_What you have to do_:
Would you set down all of the entries below exactly as they stand?

_Source information_:
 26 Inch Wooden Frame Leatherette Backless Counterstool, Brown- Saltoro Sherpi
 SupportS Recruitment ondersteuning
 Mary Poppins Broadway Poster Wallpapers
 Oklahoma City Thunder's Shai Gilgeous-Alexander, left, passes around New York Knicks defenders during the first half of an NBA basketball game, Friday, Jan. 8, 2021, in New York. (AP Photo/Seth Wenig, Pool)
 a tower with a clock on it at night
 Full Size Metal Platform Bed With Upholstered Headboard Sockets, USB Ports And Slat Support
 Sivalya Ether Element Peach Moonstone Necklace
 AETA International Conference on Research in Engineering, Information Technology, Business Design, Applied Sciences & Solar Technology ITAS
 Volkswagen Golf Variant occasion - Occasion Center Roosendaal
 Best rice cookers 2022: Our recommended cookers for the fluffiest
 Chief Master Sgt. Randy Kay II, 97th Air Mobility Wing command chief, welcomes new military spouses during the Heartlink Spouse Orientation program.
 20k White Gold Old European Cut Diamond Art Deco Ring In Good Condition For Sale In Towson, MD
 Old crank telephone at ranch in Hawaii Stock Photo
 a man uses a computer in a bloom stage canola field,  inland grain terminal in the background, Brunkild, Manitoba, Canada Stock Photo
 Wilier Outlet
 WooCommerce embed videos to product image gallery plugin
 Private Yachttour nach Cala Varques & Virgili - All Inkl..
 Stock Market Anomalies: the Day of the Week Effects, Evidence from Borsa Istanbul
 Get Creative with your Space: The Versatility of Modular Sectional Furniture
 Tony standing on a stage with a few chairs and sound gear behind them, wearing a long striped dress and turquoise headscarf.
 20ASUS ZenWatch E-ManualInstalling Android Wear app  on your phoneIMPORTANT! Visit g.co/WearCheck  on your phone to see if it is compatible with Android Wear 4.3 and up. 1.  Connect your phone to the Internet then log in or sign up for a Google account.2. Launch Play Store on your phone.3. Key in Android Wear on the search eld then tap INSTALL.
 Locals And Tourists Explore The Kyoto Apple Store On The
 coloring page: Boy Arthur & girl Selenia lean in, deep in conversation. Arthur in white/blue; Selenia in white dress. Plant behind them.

_Output for this exercise_:
 26 Inch Wooden Frame Leatherette Backless Counterstool, Brown- Saltoro Sherpi
 SupportS Recruitment ondersteuning
 Mary Poppins Broadway Poster Wallpapers
 Oklahoma City Thunder's Shai Gilgeous-Alexander, left, passes around New York Knicks defenders during the first half of an NBA basketball game, Friday, Jan. 8, 2021, in New York. (AP Photo/Seth Wenig, Pool)
 a tower with a clock on it at night
 Full Size Metal Platform Bed With Upholstered Headboard Sockets, USB Ports And Slat Support
 Sivalya Ether Element Peach Moonstone Necklace
 AETA International Conference on Research in Engineering, Information Technology, Business Design, Applied Sciences & Solar Technology ITAS
 Volkswagen Golf Variant occasion - Occasion Center Roosendaal
 Best rice cookers 2022: Our recommended cookers for the fluffiest
 Chief Master Sgt. Randy Kay II, 97th Air Mobility Wing command chief, welcomes new military spouses during the Heartlink Spouse Orientation program.
 20k White Gold Old European Cut Diamond Art Deco Ring In Good Condition For Sale In Towson, MD
 Old crank telephone at ranch in Hawaii Stock Photo
 a man uses a computer in a bloom stage canola field,  inland grain terminal in the background, Brunkild, Manitoba, Canada Stock Photo
 Wilier Outlet
 WooCommerce embed videos to product image gallery plugin
 Private Yachttour nach Cala Varques & Virgili - All Inkl..
 Stock Market Anomalies: the Day of the Week Effects, Evidence from Borsa Istanbul
 Get Creative with your Space: The Versatility of Modular Sectional Furniture
 Tony standing on a stage with a few chairs and sound gear behind them, wearing a long striped dress and turquoise headscarf.
 20ASUS ZenWatch E-ManualInstalling Android Wear app  on your phoneIMPORTANT! Visit g.co/WearCheck  on your phone to see if it is compatible with Android Wear 4.3 and up. 1.  Connect your phone to the Internet then log in or sign up for a Google account.2. Launch Play Store on your phone.3. Key in Android Wear on the search eld then tap INSTALL.
 Locals And Tourists Explore The Kyoto Apple Store On The
 coloring page: Boy Arthur & girl Selenia lean in, deep in conversation. Arthur in white/blue; Selenia in white dress. Plant behind them.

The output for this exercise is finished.